Methods : We have used 1716 images from two public datasets (IDRiD and MESSIDOR) to train/validate/test our model. IDRiD images were acquired using a Kowa (VX-10a) fundus camera and MESSIDOR data using a 3CCD camera on a Topcon (TRC NW6) non-mydriatic fundus photography. We used the following grading criteria: 0- no DME, grade1- HE without involving the fovea, and grade 2- HE involving the fovea. The image distribution was 69.5% for grade 0 (Normal), 7.3% for grade1 and 23.2% for grade 2. The macular image patches from the original dataset were cropped and resized to 512 x 512 pixels dimensions. In our lesion-aware ensemble network, two branches were utilized to capture the DME grading. First, the segmentation-guided network was implemented to learn the HE lesion information from the macular region. The second branch was a baseline classification network with EfficientNet-B7, which effectively provided the global image-level DME classification and grading (Figure 1). We compared the model’s predictions with ground-truth labels using sensitivity (SE), specificity (SP), and area under the curve (AUC) as evaluation metrics to measure the performance.
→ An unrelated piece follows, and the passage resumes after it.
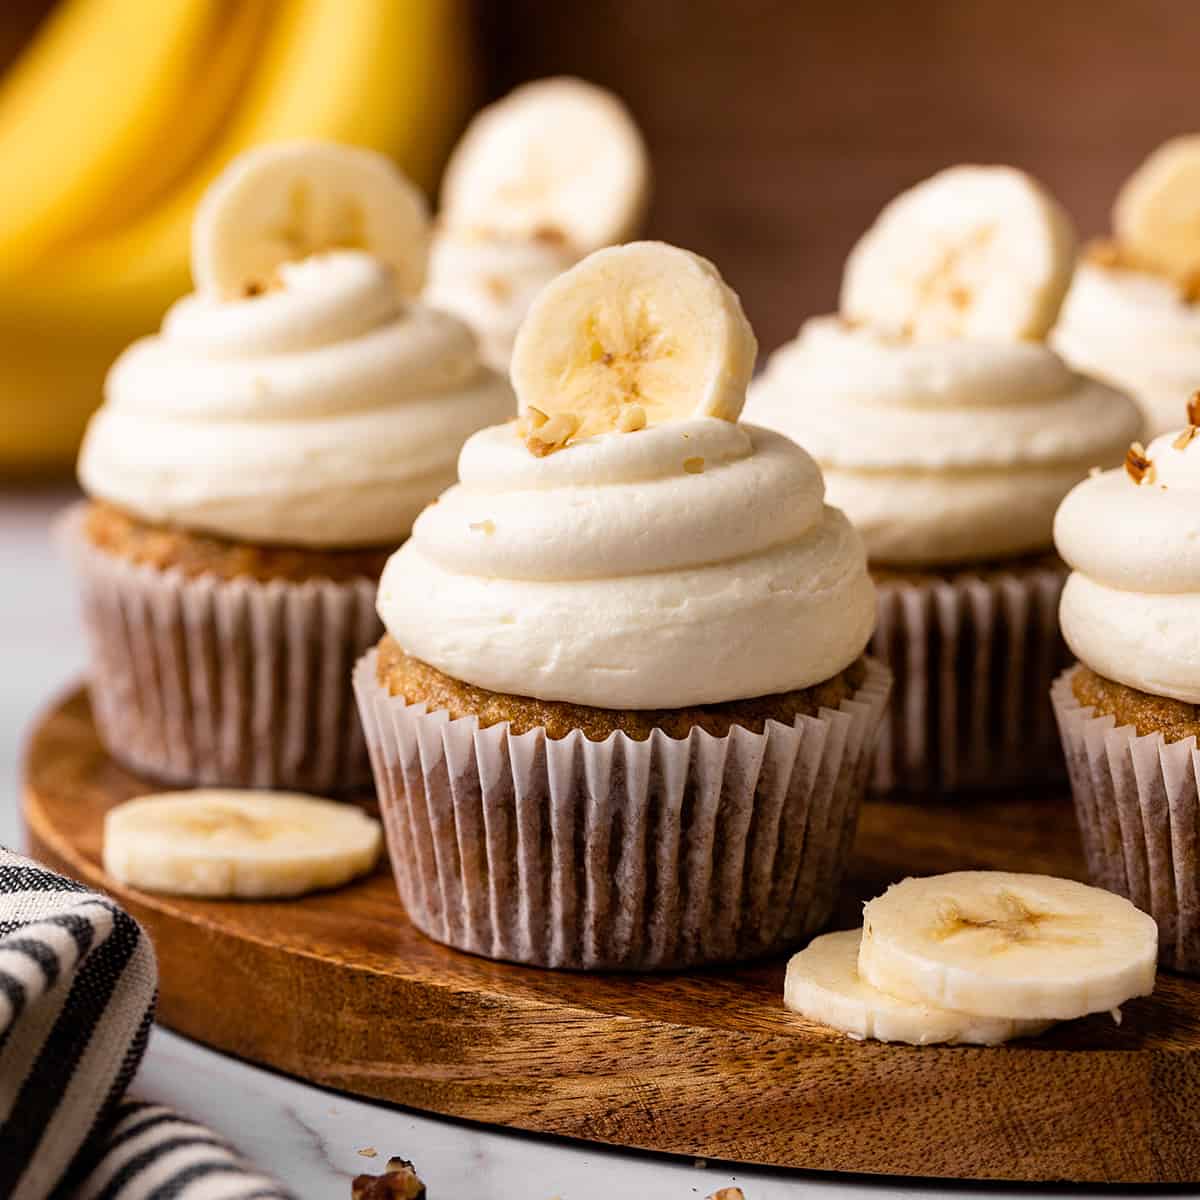 6 Banana Cupcakes, frosted and topped with fresh bananas

Results : The proposed method achieves an AUC of 91.83% on IDRiD and 93.89% on MESSIDOR test data for DME classification. The sensitivity obtained for DME grade0/grade1/grade2 is 80%/70%/87.5% on IDRiD and 96.2%/54.31%/90% on MESSIDOR test data. The performance for grade 1 classification is comparatively lower due to the limited availability of early-stage DME images. The specificity achieved for DME grade0/grade1/grade2 is 92.45%/86.66%/82.21% on IDRiD and 77.77%/98.75%/93.42% on MESSIDOR test data, respectively.

Conclusions : Our novel deep learning algorithm, based on LEAP model, effectively performs automated detection and grading of DME and captures the inter-class variability across DME grading. The proposed method can be highly impactful for DME screening programs worldwide.

This is a 2021 Imaging in the Eye Conference abstract.